▶ **Source information**:
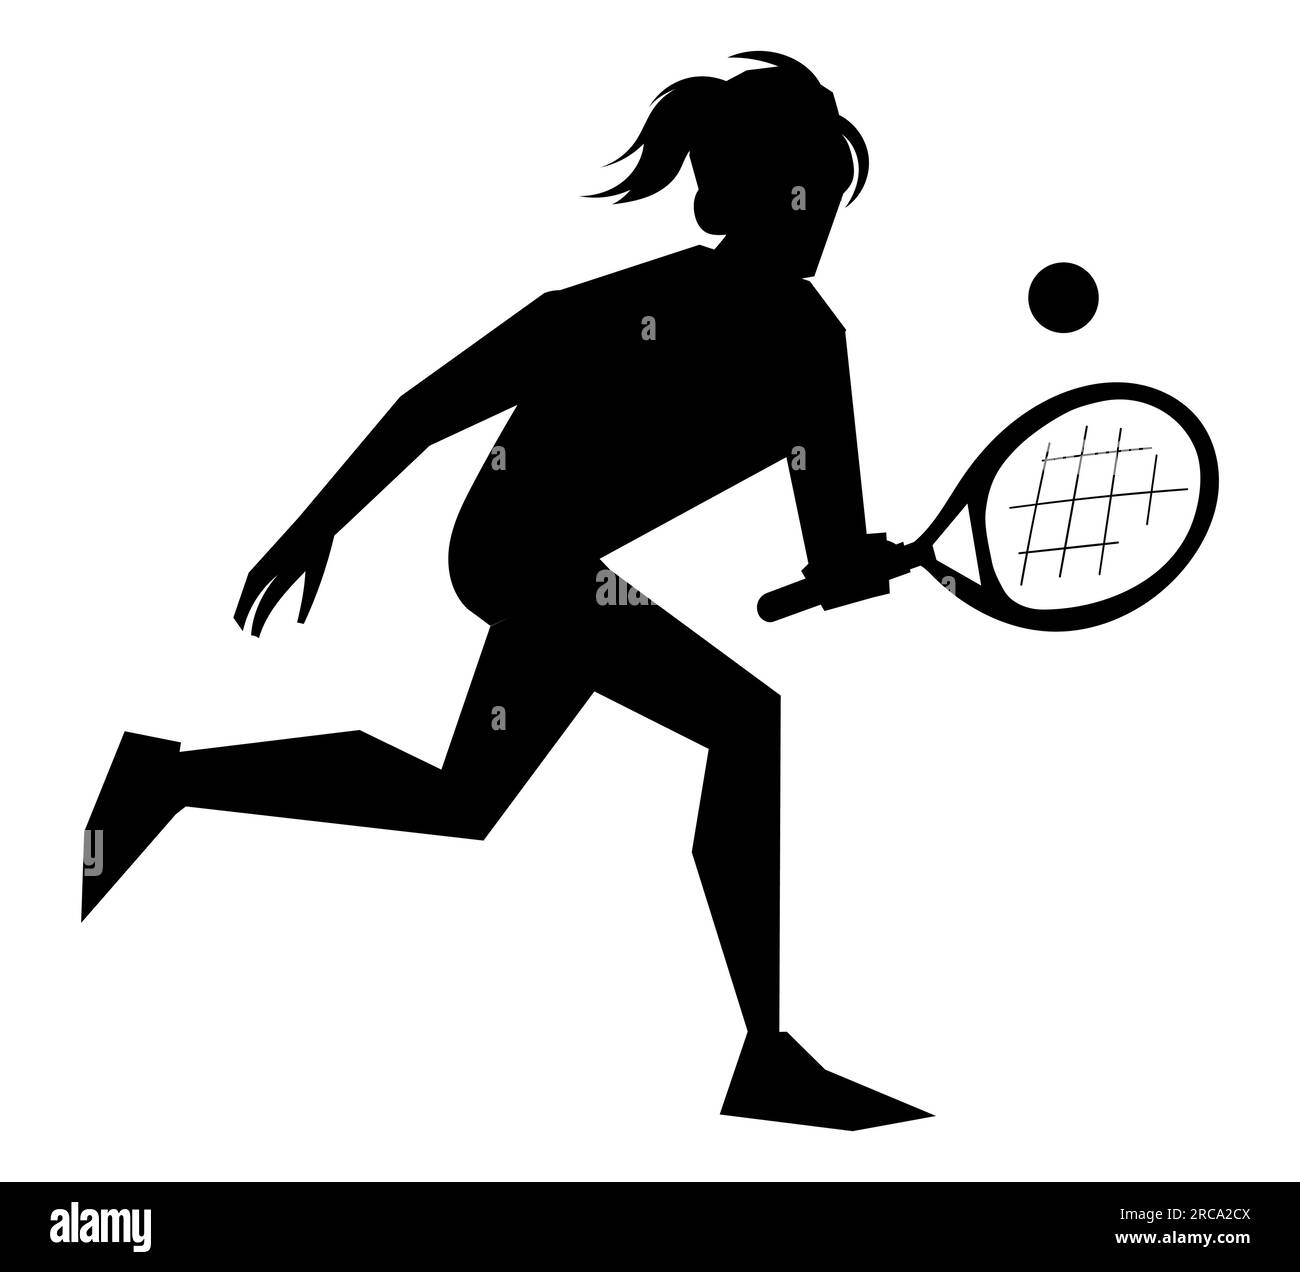 Silhouette noire d'un joueur de padel de tennis féminin, icône et illustration d'une fille de tennis Paddle Sport Vector isolé sur un fond blanc Illustration de Vecteur
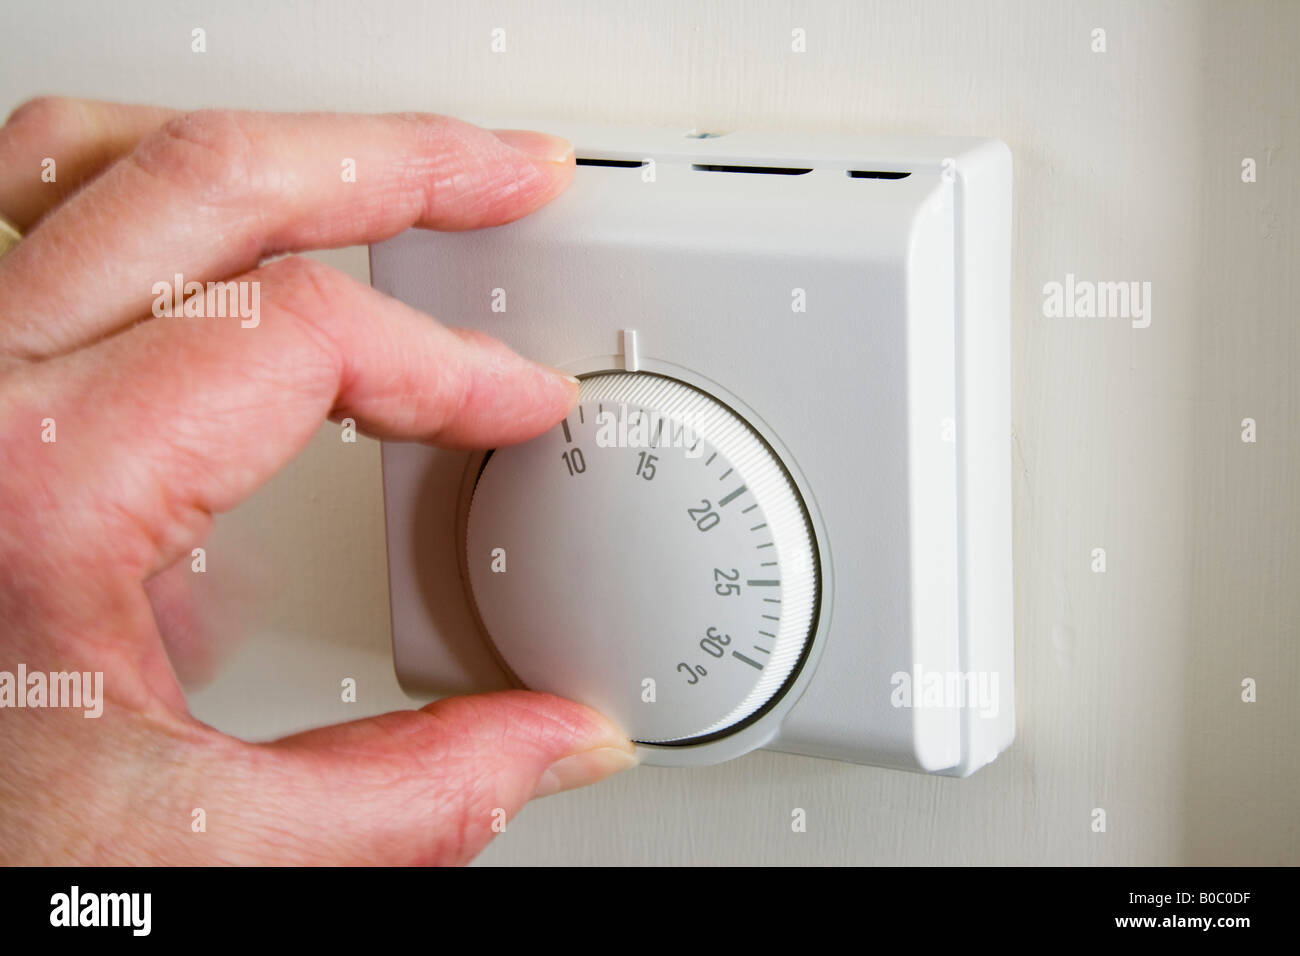 Rentner von Hand drehen nach unten Home zentrale Heizung Thermostat bei niedriger Temperatur ein Haushalt Energiekosten und CO2-Ausstoß zu reduzieren. England Großbritannien Stockfoto
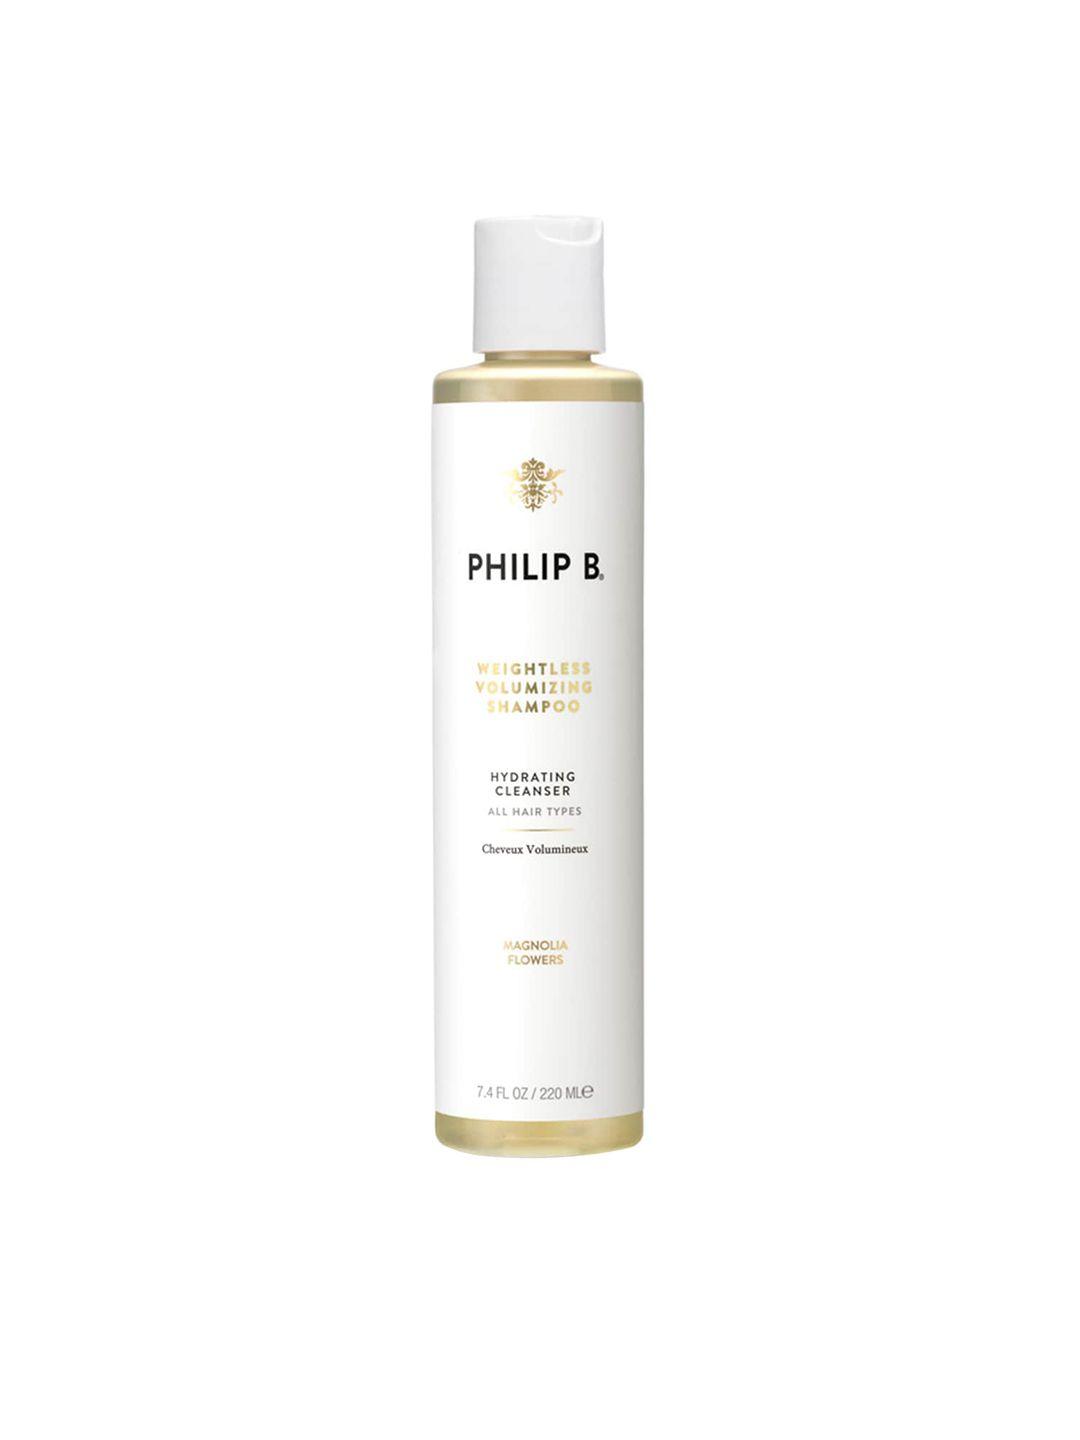 philip b weightless volumizing magnolia flowers shampoo - 220ml
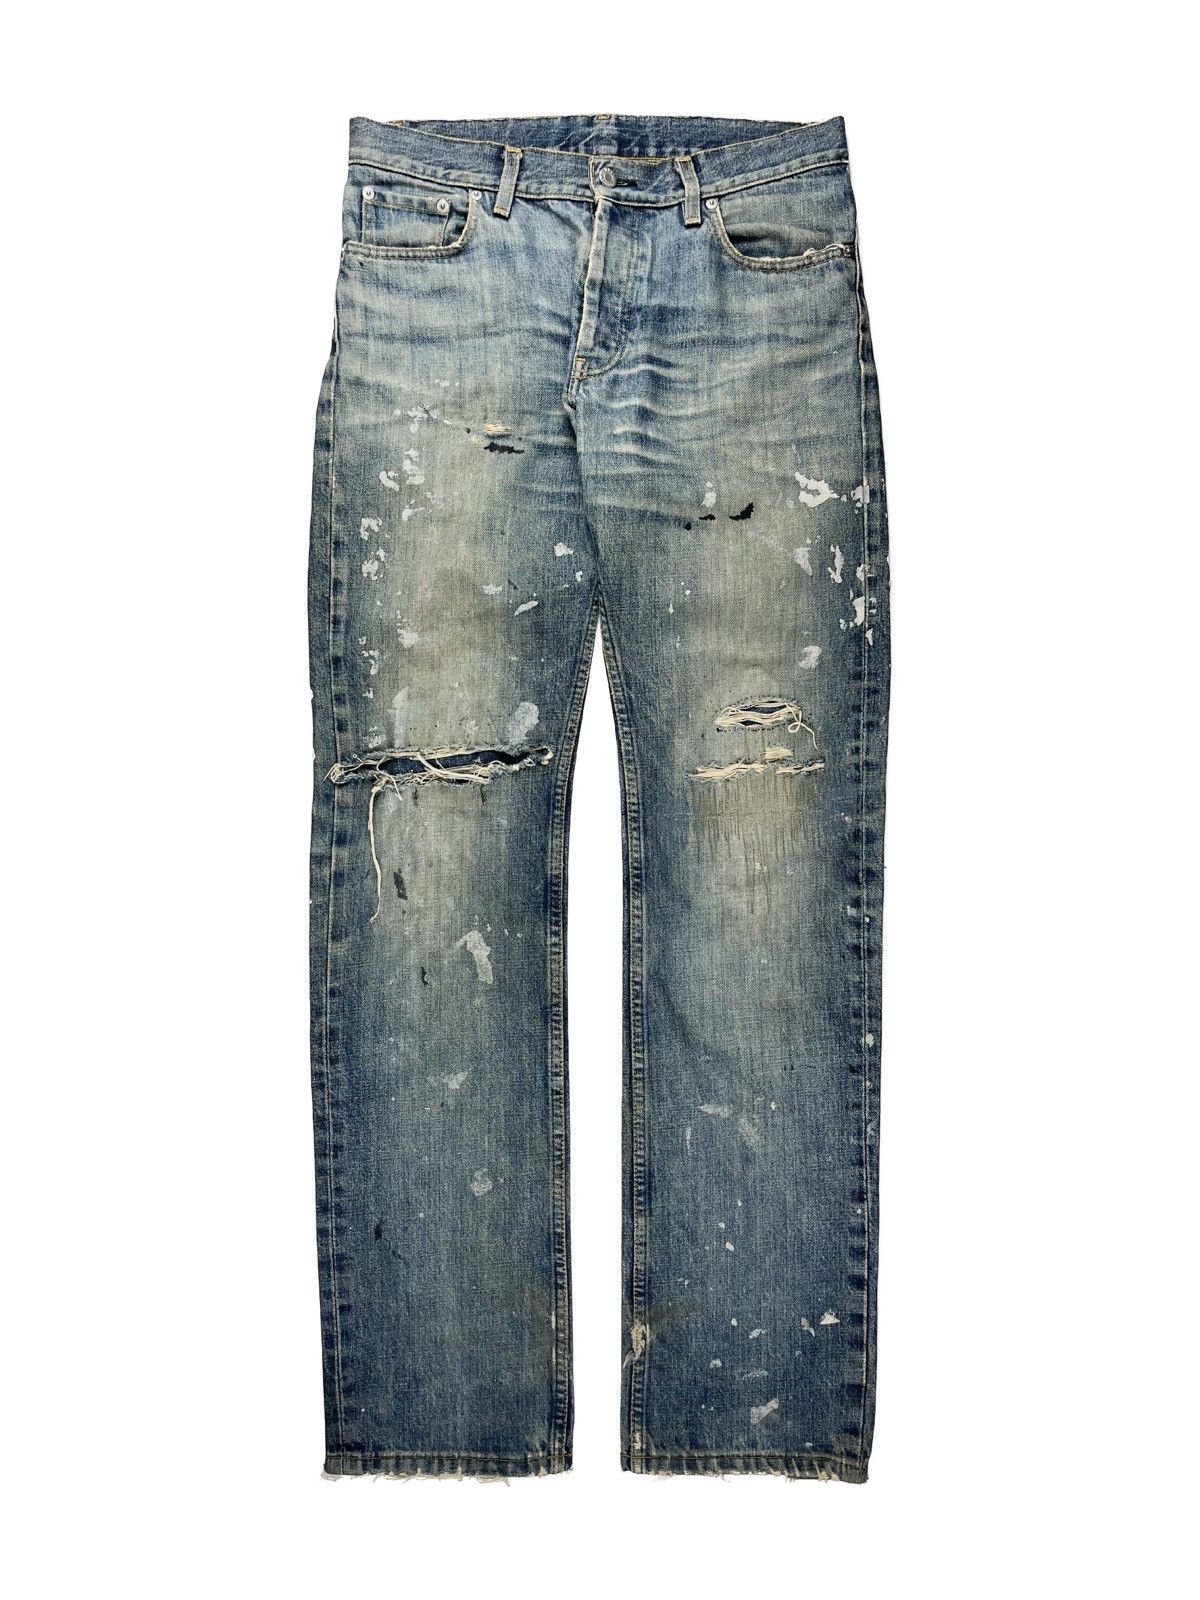 Vintage 1998 Helmut Lang Thrashed Painter Denim Jeans Classic Cut | Grailed
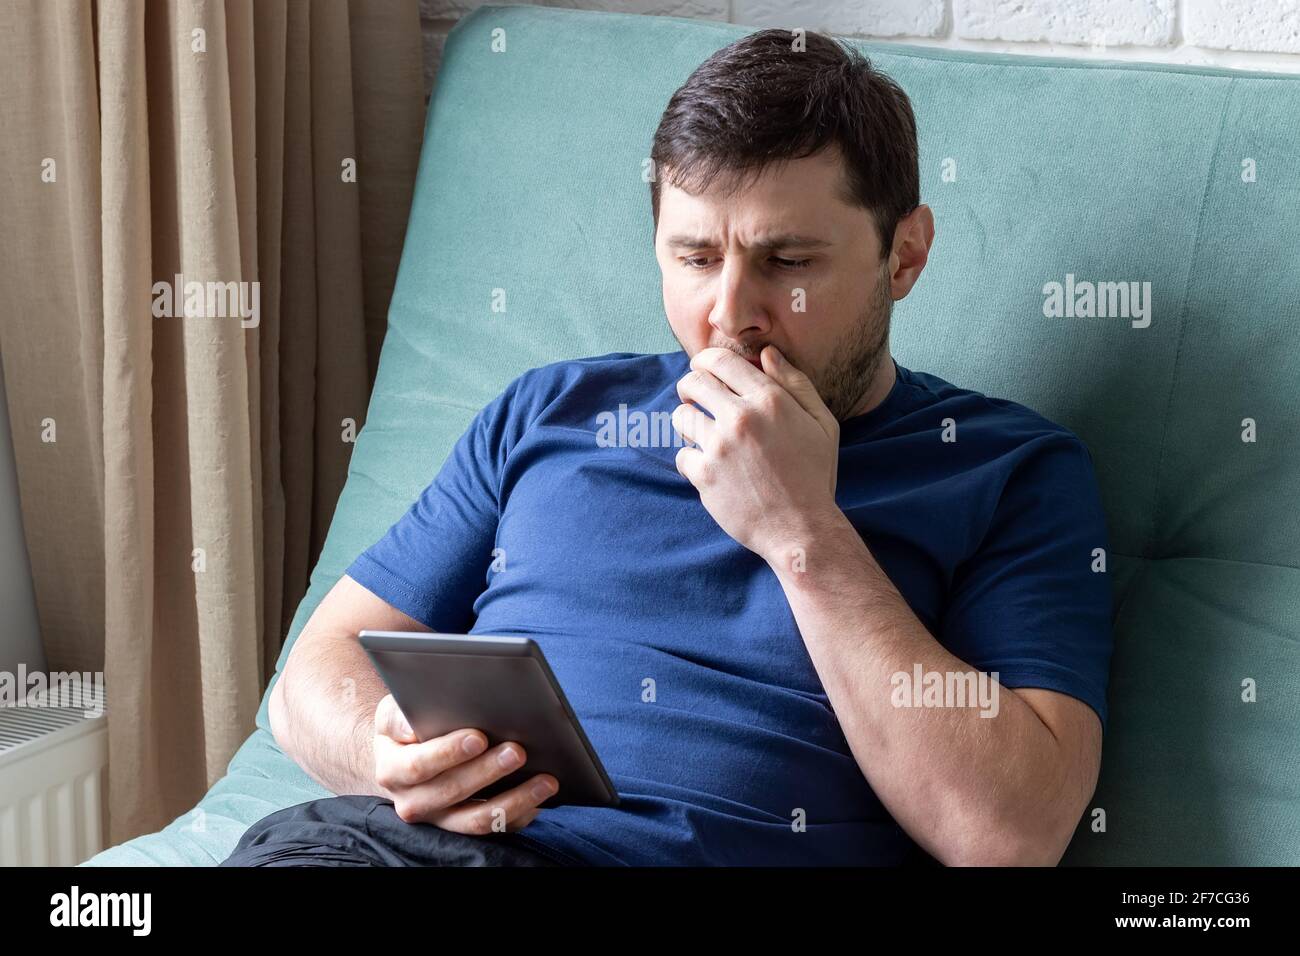 Der Mensch gähnt beim Lesen eines E-Books. Ein ruhender Mann in einem blauen T-Shirt sitzt auf einem grünen Sofa mit einem elektronischen Buch in der einen Hand, gähnt Stockfoto

▶ **Problem statement**: Print exactly the lines from the one containing "Vintage 1998 Helmut" through the last line of the records, both included, and leave out the pictures.

▶ **Reply**:
 Vintage 1998 Helmut Lang Thrashed Painter Denim Jeans Classic Cut | Grailed
 Der Mensch gähnt beim Lesen eines E-Books. Ein ruhender Mann in einem blauen T-Shirt sitzt auf einem grünen Sofa mit einem elektronischen Buch in der einen Hand, gähnt Stockfoto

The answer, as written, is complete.